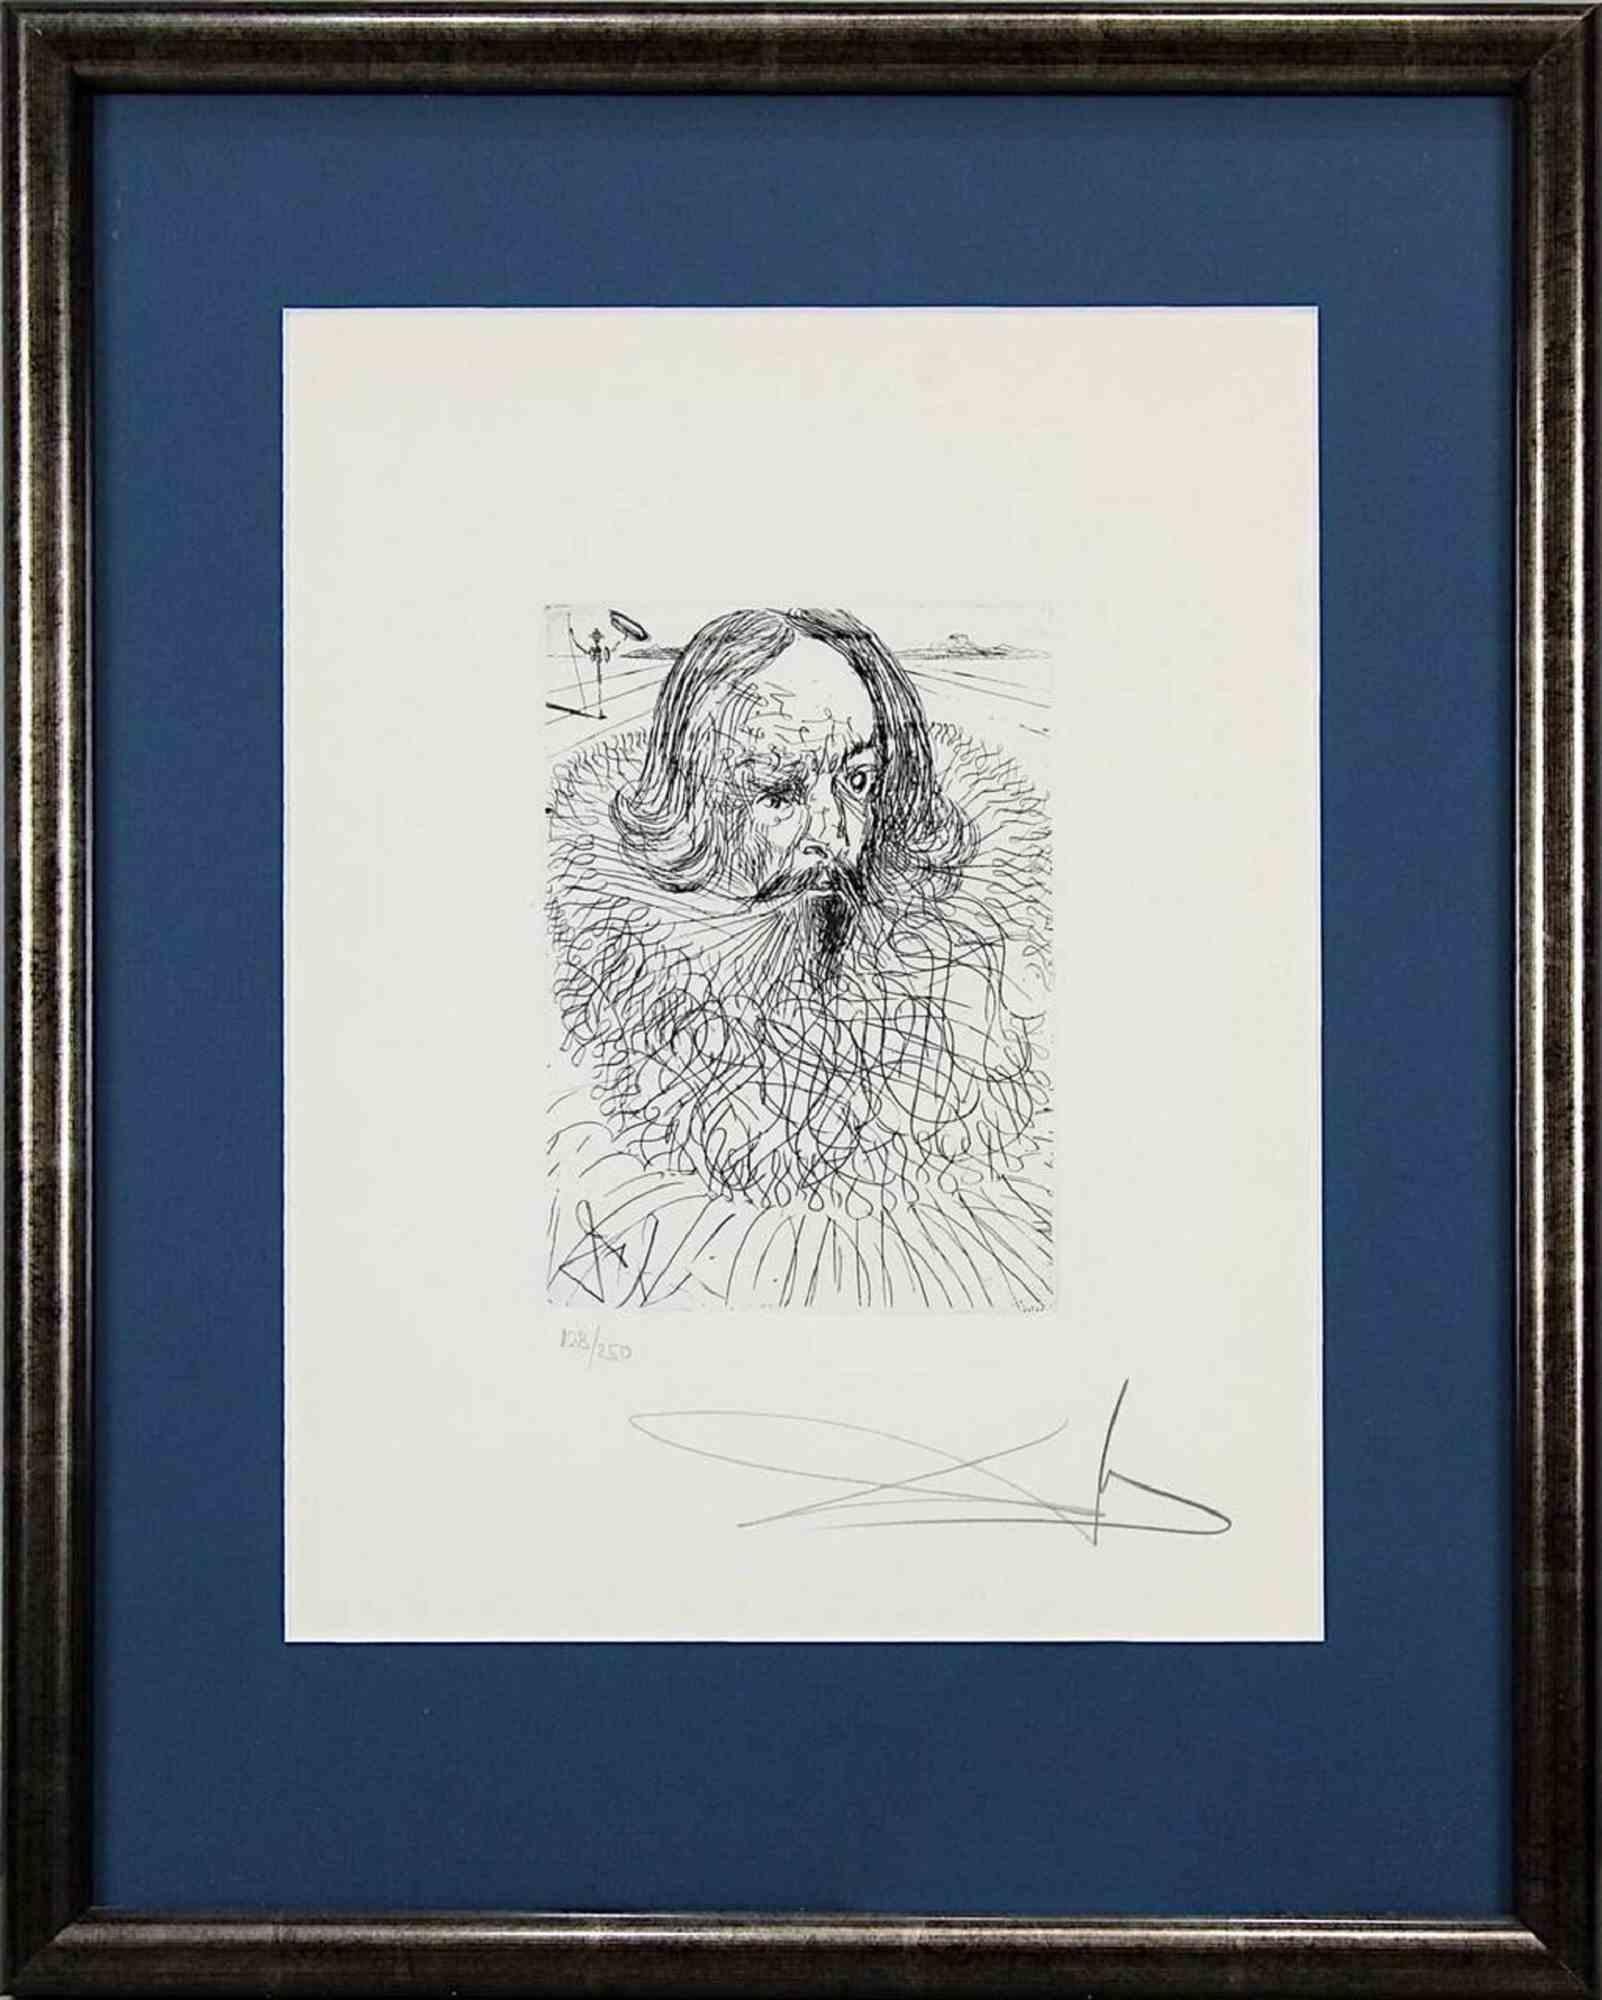 Cervantes - Original Etching attr. to Salvador Dalì - 1966 - Print by Salvador Dalí
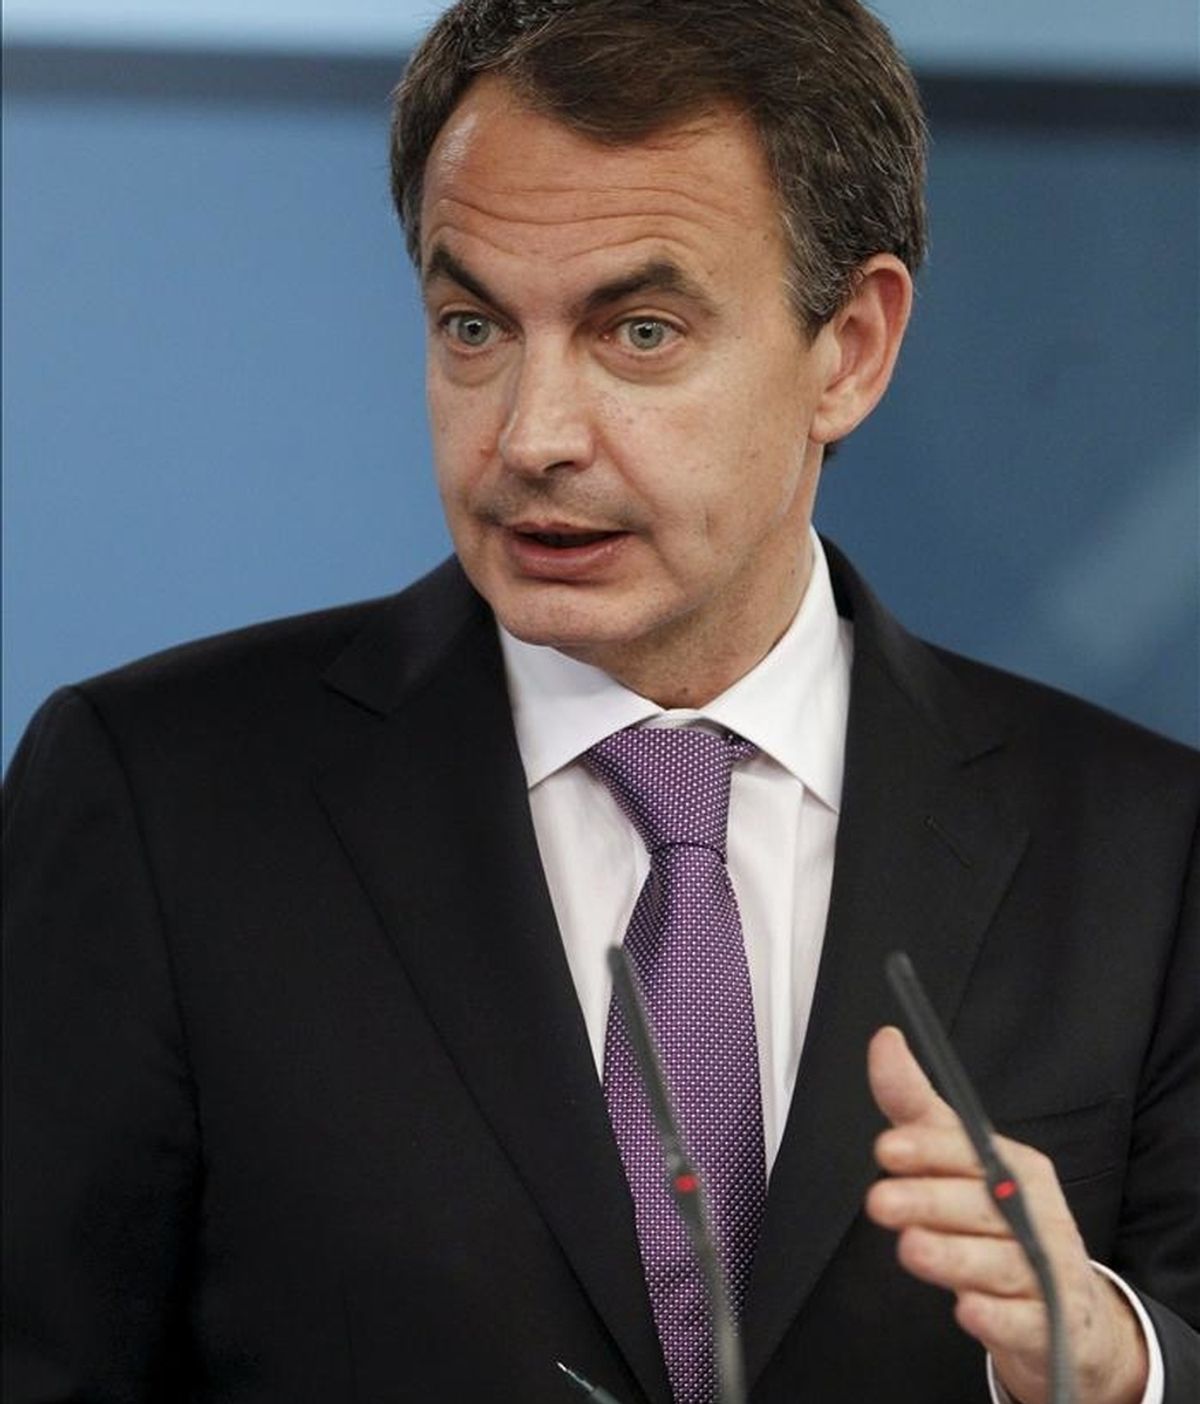 El jefe del Ejecutivo, José Luis Rodríguez Zapatero, defenderá hoy, en el Consejo europeo extraordinario que se celebrará en Bruselas, la necesidad de coordinar las políticas económicas de todos los socios comunitarios después de que cada país haya hecho las reformas necesarias para afrontar la crisis. EFE
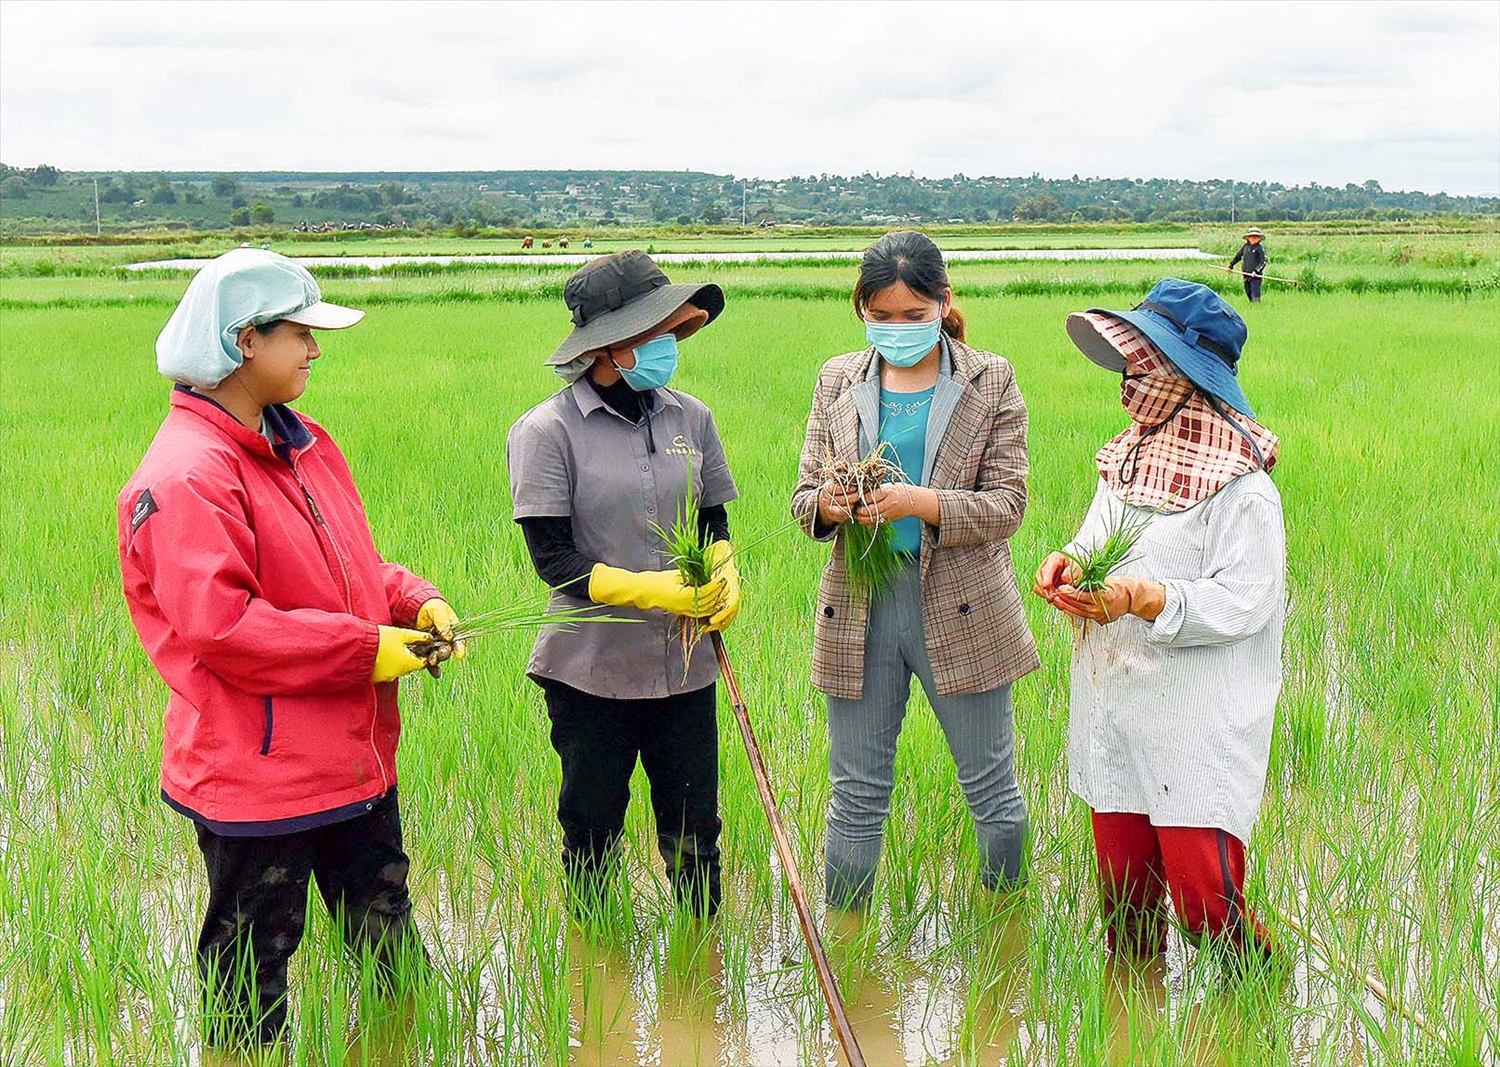 Cán bộ nông nghiệp trao đổi với người dân về kinh nghiệm trồng giống lúa mới tại xã Hà Bầu

* What this task involves:
Would you return the data above exactly as written, minus the images?

* Result below:
 Cervantes - Original Etching attr. to Salvador Dalì - 1966 - Print by Salvador Dalí
 El jefe del Ejecutivo, José Luis Rodríguez Zapatero, defenderá hoy, en el Consejo europeo extraordinario que se celebrará en Bruselas, la necesidad de coordinar las políticas económicas de todos los socios comunitarios después de que cada país haya hecho las reformas necesarias para afrontar la crisis. EFE
 Cán bộ nông nghiệp trao đổi với người dân về kinh nghiệm trồng giống lúa mới tại xã Hà Bầu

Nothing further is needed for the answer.